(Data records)
=== Section Start ===
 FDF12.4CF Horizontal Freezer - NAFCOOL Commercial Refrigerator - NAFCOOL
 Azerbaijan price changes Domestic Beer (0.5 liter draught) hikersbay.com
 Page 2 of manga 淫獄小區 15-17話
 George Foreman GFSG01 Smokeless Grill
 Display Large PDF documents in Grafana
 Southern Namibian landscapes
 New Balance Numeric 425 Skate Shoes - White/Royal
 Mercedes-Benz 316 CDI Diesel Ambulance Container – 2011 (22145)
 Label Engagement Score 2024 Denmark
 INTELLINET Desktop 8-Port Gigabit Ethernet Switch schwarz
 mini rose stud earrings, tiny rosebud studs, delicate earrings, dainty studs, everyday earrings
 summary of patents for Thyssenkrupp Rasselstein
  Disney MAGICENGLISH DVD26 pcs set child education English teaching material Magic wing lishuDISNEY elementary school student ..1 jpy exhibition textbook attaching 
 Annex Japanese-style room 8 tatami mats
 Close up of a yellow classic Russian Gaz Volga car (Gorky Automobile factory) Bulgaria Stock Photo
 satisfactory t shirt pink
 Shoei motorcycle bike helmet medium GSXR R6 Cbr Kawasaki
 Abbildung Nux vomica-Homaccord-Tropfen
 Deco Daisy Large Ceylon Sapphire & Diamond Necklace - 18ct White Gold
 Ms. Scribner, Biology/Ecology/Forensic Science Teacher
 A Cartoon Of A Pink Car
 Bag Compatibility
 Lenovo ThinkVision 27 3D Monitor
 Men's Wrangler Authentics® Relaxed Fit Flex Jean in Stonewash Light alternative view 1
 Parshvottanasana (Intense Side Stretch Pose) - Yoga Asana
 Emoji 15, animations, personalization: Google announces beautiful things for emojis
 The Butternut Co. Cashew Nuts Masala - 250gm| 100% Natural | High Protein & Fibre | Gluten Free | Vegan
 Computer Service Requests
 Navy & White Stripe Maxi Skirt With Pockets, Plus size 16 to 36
=== Section End ===
Required work:
Repeat exactly the lines above, starting with the first line of the records and finishing with the line holding "New Balance Numeric". Add no other line.

Solution to the problem:
 FDF12.4CF Horizontal Freezer - NAFCOOL Commercial Refrigerator - NAFCOOL
 Azerbaijan price changes Domestic Beer (0.5 liter draught) hikersbay.com
 Page 2 of manga 淫獄小區 15-17話
 George Foreman GFSG01 Smokeless Grill
 Display Large PDF documents in Grafana
 Southern Namibian landscapes
 New Balance Numeric 425 Skate Shoes - White/Royal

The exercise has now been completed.